O governo Bolsonaro tem tomado decisões de esvaziar o “estoque público de alimentos”: em fevereiro havia em estoque somente 30 toneladas de feijão e 1.649 toneladas de trigo diferente, por exemplo de 2014, com 333 mil toneladas de feijão e 450 mil de trigo). Tem também desativado os programas de apoio à agricultura familiar, exportado alimentos tradicionais da população brasileira como arroz e feijão e fechado os armazéns da CONAB usados para estoque.
O próprio organismo internacional (ONU/FAO) já apontava a necessidade de o país se preparar para os “desafios impostos pela pandemia”, alertava que “a suspensão do pagamento do auxílio emergencial e a instabilidade da economia impulsionavam o aumento de preços dos produtos da cesta básica” e que o “investimento no setor agrícola não pode objetivar apenas a produção de commodities”.
Com essas ações do governo e sem atender o básico indicado no âmbito internacional, em relação ao período de pandemia, a tendência é o aumento da fome e da miséria com o aumento de preço dos alimentos (sem estoques as empresas praticam livremente preços mais altos).

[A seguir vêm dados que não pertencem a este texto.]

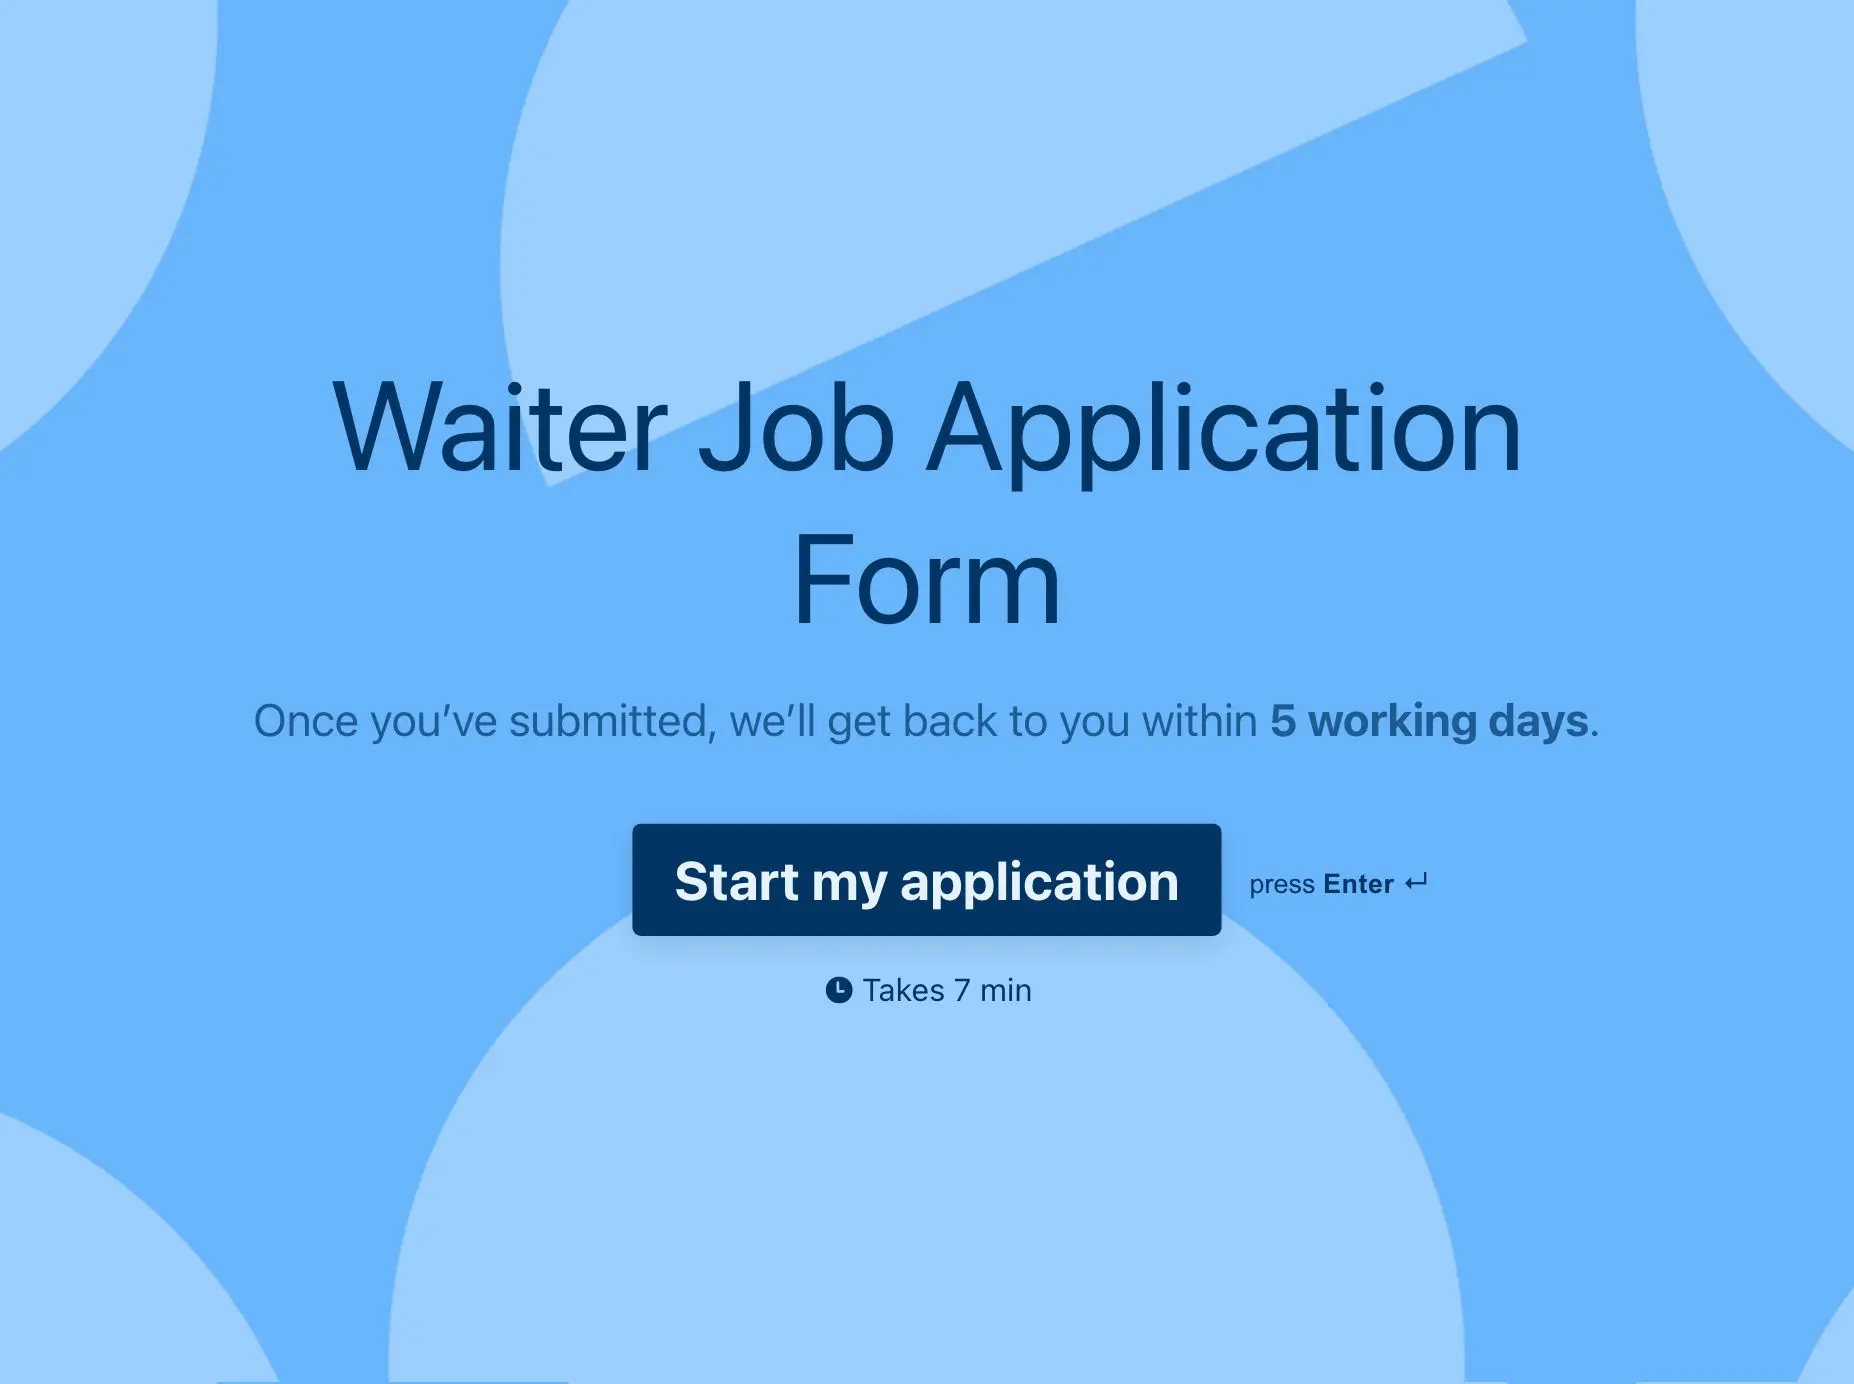 Waiter Job Application Form Template Hero

Esse cenário revela mais uma das faces da superexploração da força de trabalho no Brasil em que o trabalhador/a não tem acesso ao básico para repor o desgaste físico e atender outras necessidades para a reprodução social da força de trabalho e manutenção da família. Toda essa pobreza e miséria mostra um país rico com uma enorme massa de pobres. A riqueza produzida, que seria suficiente para uma vida digna para toda a população brasileira, está concentrada em poucas mãos e mantendo o país como o segundo mais desigual do mundo.

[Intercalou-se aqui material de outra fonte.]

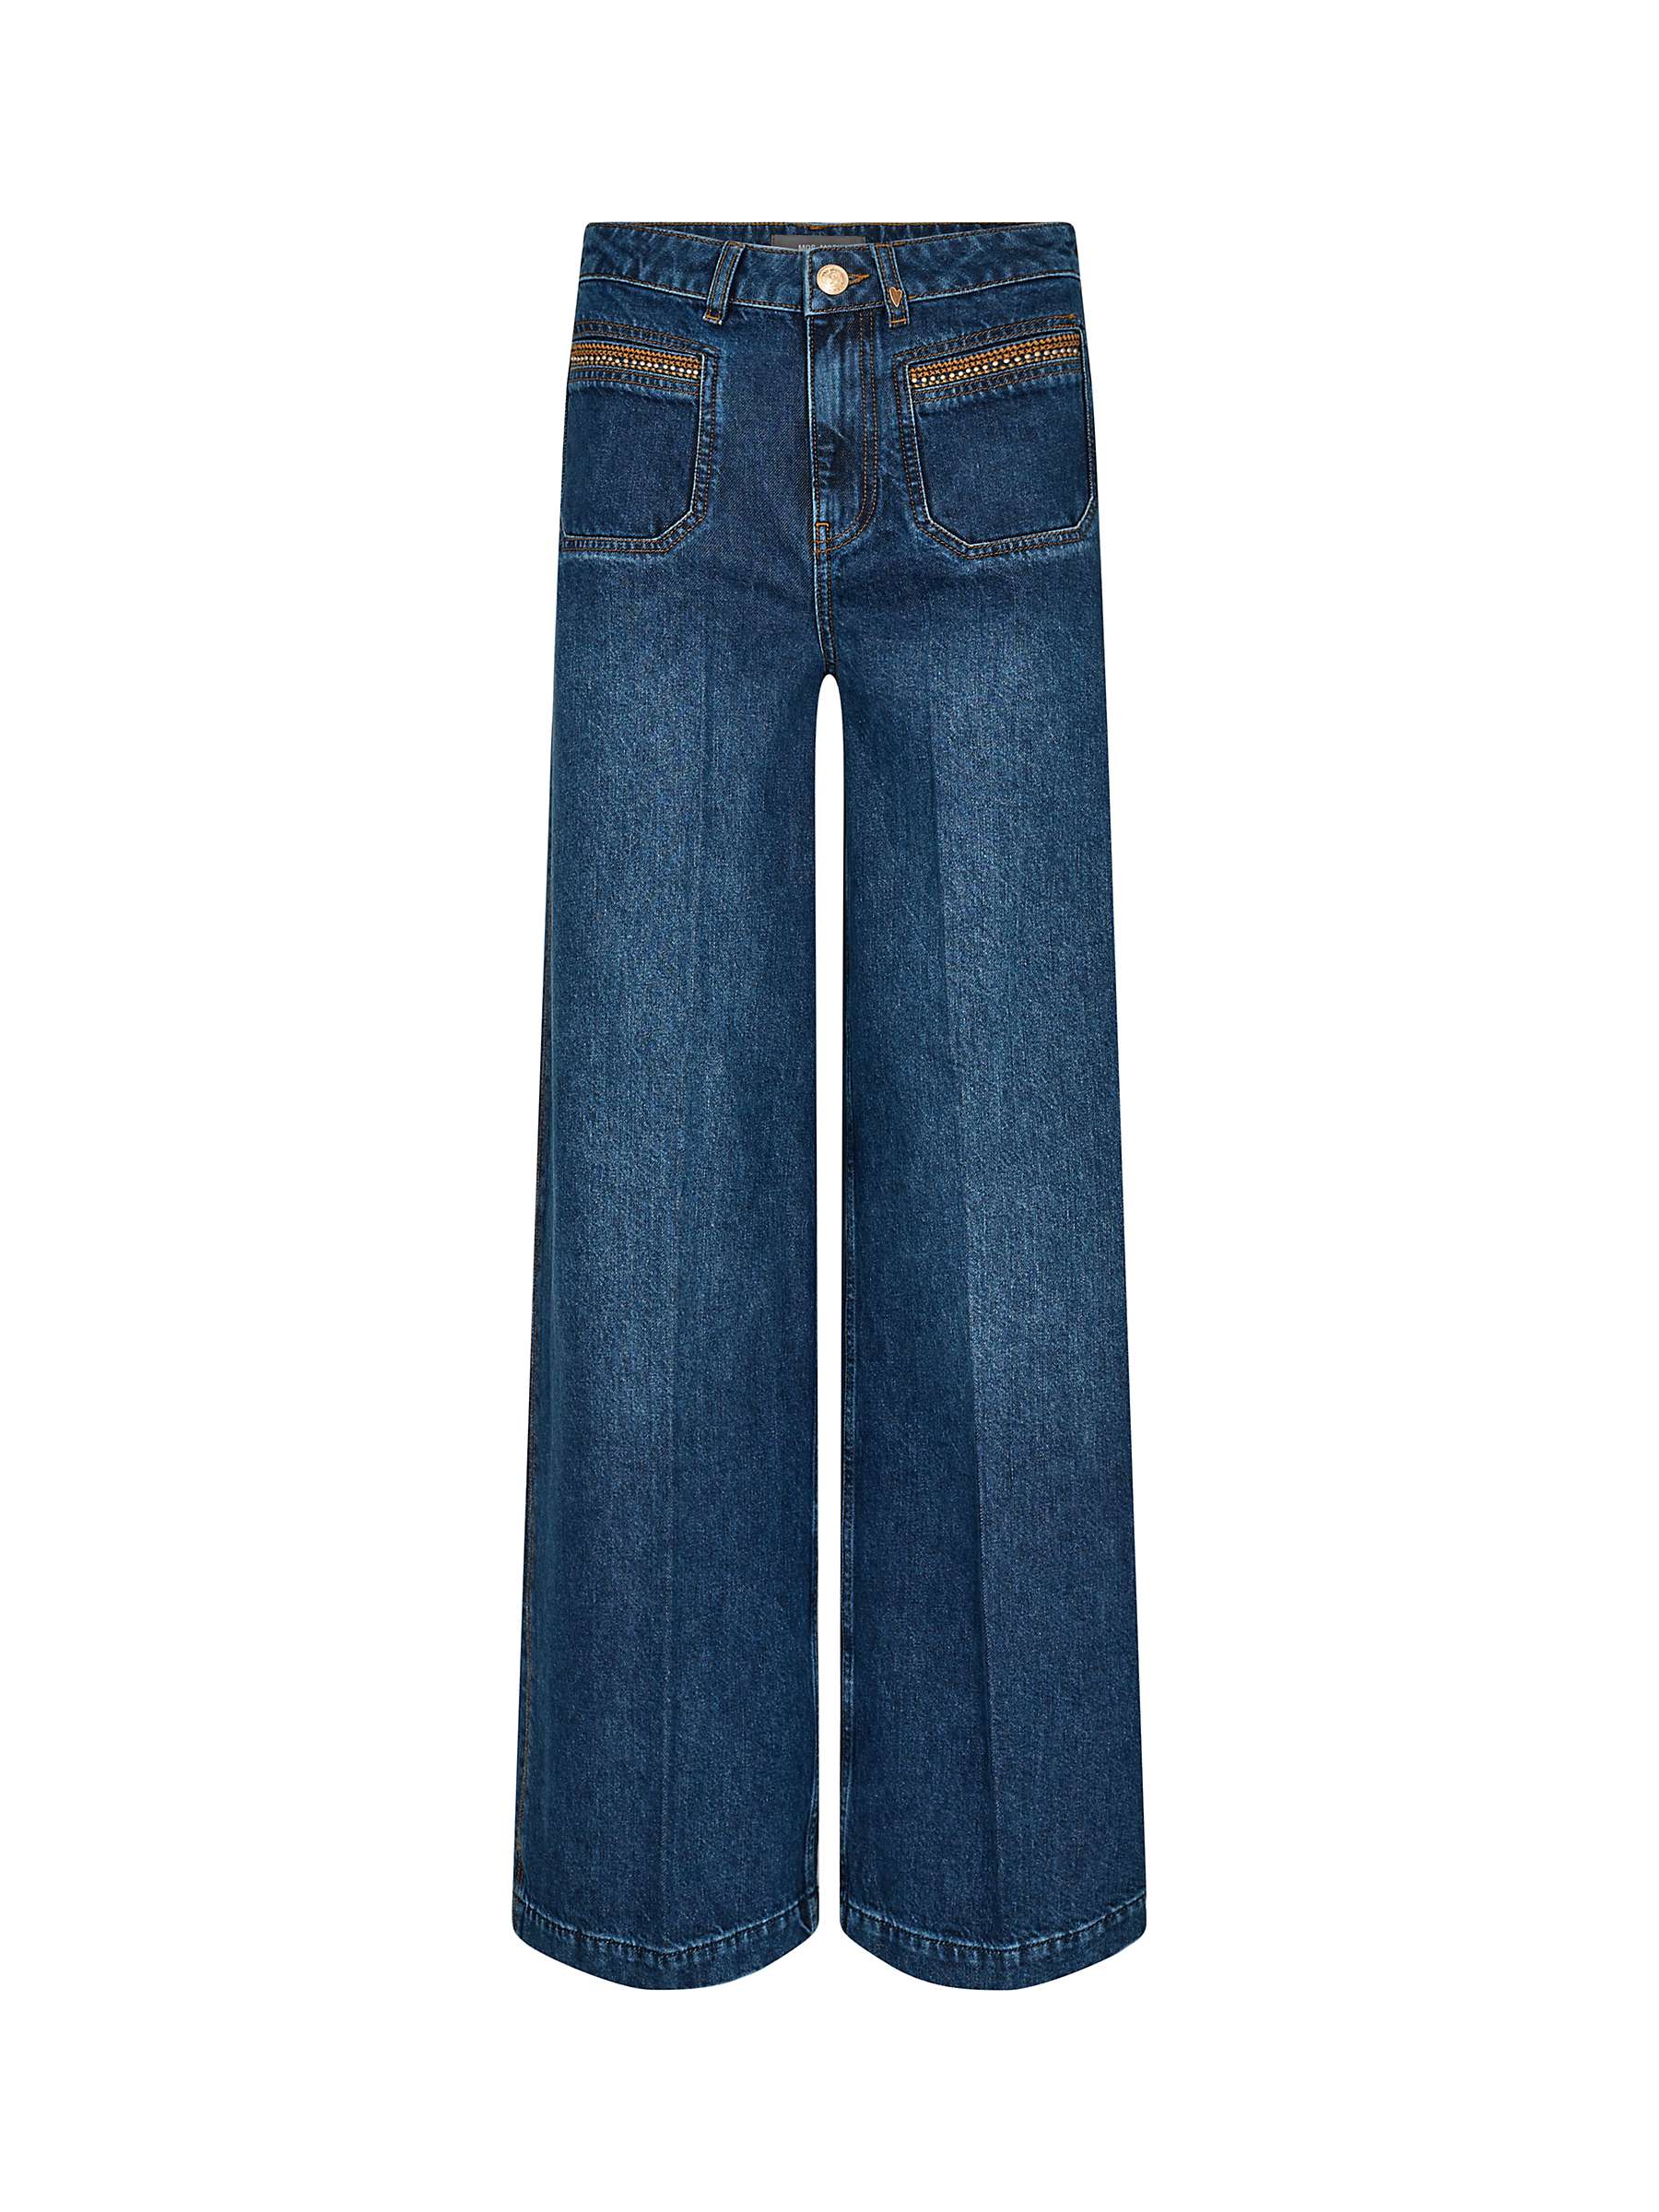 Buy MOS MOSH Colette Sassy High Rise Jeans, Blue Online at johnlewis.com

Como temos insistido, essa situação é vinculada à superexploração da classe trabalhadora brasileira e à forma de acumulação de capital. Enquanto a imensa maioria trabalha muito e ganha pouco, uma parcela cada vez menor segue acumulando riqueza e sem “pôr a mão na massa”.
São somente 65 bilionários brasileiros que, juntos, têm riqueza acumulada de US$ 219,1 bilhões (aproximadamente R$ 1,2 trilhão). O empresário Paul Lemann está nessa lista com a propriedade de um Banco de Investimento, da AmBev (Brahma e Antarctica em 140 países), Burger King, Lojas Americanas, Laticínios Leco, buscando dinheiro público via Educação, etc. E carrega bem a “atual cultura empresarial” no capitalismo em crise: Além de superexplorar a força de trabalho ao pagar salário abaixo da média, dá o comando para o formato do atual “mercado de trabalho” com as exigências de “desempenho individual” e “fortalecimento da meritocracia” em suas empresas (que registram abuso de horas extras, assédio moral, desvio de função, etc.). Ao mesmo tempo, se diz “entusiasta da Educação” e desde 2002 (com a Fundação Lemann) busca ter o comando também da Educação pública no Brasil, inclusive já com treinamento de professores durante esse período de pandemia com o Trabalho Remoto, na tentativa de criar um Centro de Estudo de Empreendedorismo e Inovação em parceria com a Universidade de Stanford. Essa é uma relação entre riqueza e pobreza no Brasil e como a nossa vida é guiada com a burguesia no comando.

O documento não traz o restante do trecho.